HISTORY: The Rev. Joseph A. DeLaine

DeLaine

DeLaine

S.C. Encyclopedia | Clergyman and civil rights activist Joseph Armstrong DeLaine was born on July 2, 1898, near Manning, one of thirteen children born to Henry Charles DeLaine and Tisbia Gamble. He was raised primarily in the Manning area but spent some time in the nearby Summerton community while his father pastored the Liberty Hill AME Church. After completing high school in Manning, DeLaine attended Allen University in Columbia, earning tuition money by working as a laborer.

Completing his A.B. degree in 1931, DeLaine entered Allen University’s Dickerson Seminary to pursue a bachelor of divinity degree. He preached as opportunities arose and worked for his brothers in various construction trades. Also during 1931, DeLaine was called to pastor Stover’s Chapel in Columbia. There he met a dynamic young woman named Mattie Belton. They were married on Nov. 12, 1931, forming a union of shared beliefs, commitments, and activism. The couple had three children.

After graduation and a series of teaching and pastoral positions, DeLaine accepted an appointment from the AME Church as pastor of the Spring Hill Church in Clarendon County. He assumed a teacher’s position at Bob Johnson School near Davis Station between Manning and Summerton. Mattie DeLaine became a teacher at the Spring Hill Community School.

During his tenure at Bob Johnson School, the lack of buses and the terrible school facilities began to weigh heavily on DeLaine. He knew that black students were at a tremendous disadvantage in their learning environment. These feelings led to the first case challenging the lack of school buses for African American children, filed on March 16, 1948, in federal court. After the case was dismissed on a technicality, DeLaine, with the encouragement of the National Association for the Advancement of Colored People and its chief legal counsel, Thurgood Marshall, persuaded 20 Clarendon County parents to sign a new lawsuit requesting equal educational facilities.

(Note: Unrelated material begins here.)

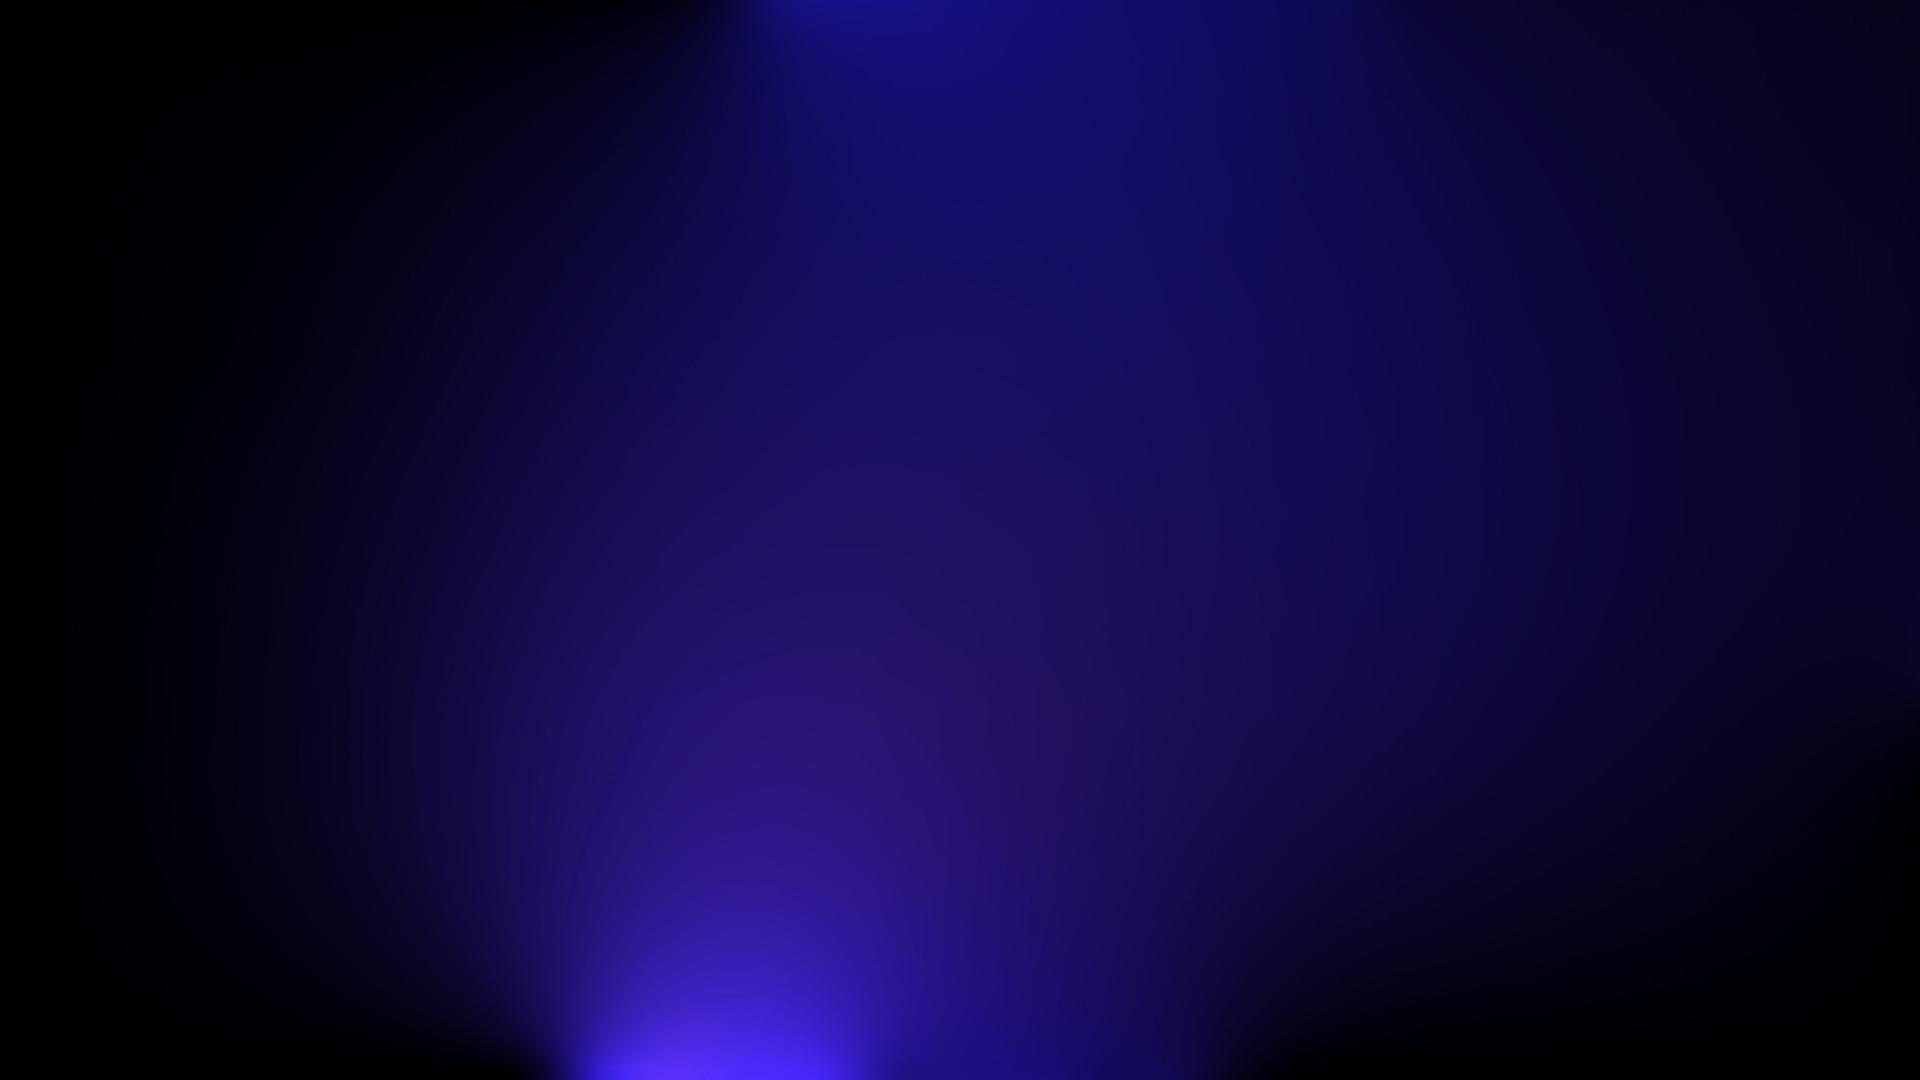 Dark-Blue-Full-HD-for-Background-1920×1080-px-

That suit, Briggs v. Elliott, challenged the constitutionality of segregation and was heard in arguments before a federal district court in Charleston in May 1951. Not surprisingly, a three-judge panel decided two-to-one against the defendants (Judge J. Waties Waring cast the dissenting vote). However, the case was appealed to the U.S. Supreme Court, where it was one of the five cases constituting the landmark Brown v. Board of Education decision on May 17, 1954, which marked the beginning of the end of legal segregation in American public schools and society.

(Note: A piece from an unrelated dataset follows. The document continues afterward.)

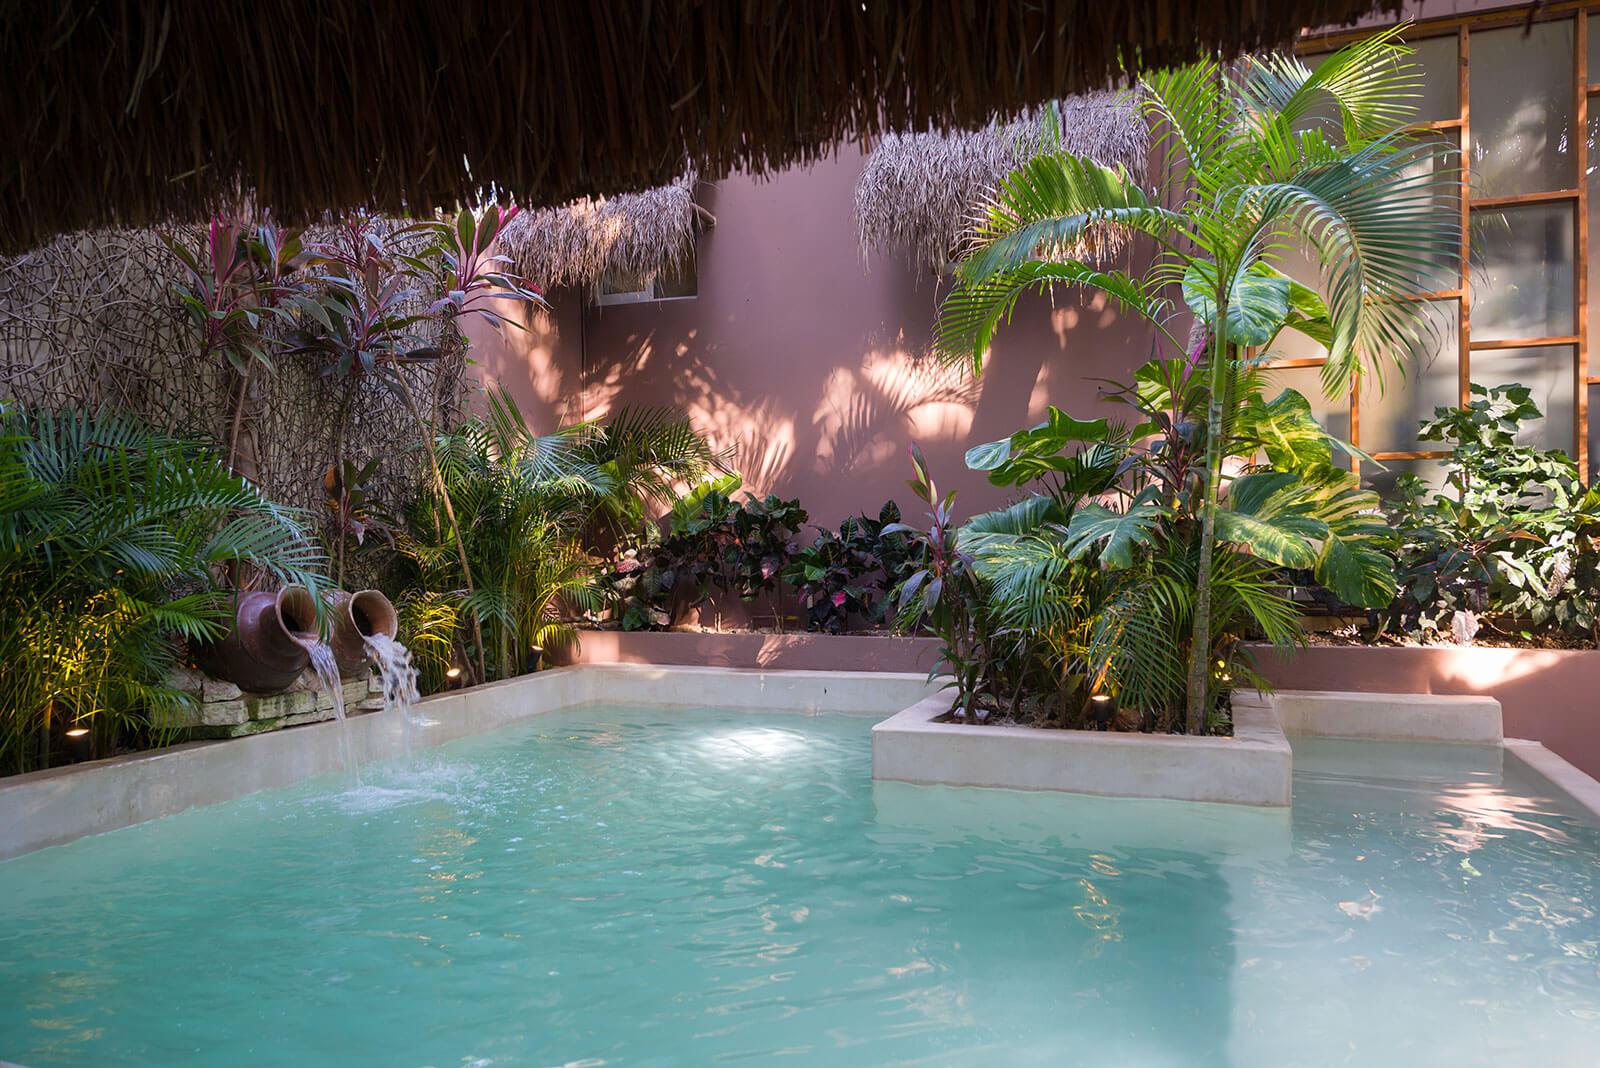 Maya_Luxe_Riviera_Maya_Luxury_Vacations_Villa_Rentals_Tulum_Playa_del_Carmen_Mexico_Bejuco_House_14.jpg

For his actions, DeLaine became the target of a series of hate crimes. He and his wife lost their jobs, and white merchants cut off their credit. The AME Church transferred DeLaine to Lake City early in 1951, and his home in Summerton was destroyed by fire the following October. After a series of night-rider attacks on their Lake City home, DeLaine responded in kind with gunfire on Oct. 10, 1955. After the incident, a warrant for “Assault and Battery with Intent to Kill” was issued against DeLaine. Forced to leave his native state, he later wrote the FBI that he fled South Carolina, “Not to escape justice, but to escape injustice.” The warrant remained in effect for the remainder of DeLaine’s life and was not dropped until Oct. 10, 2000. Never able to return to South Carolina, DeLaine lived the remainder of his life in New York and North Carolina. He died on Aug. 3, 1974, in Charlotte, North Carolina.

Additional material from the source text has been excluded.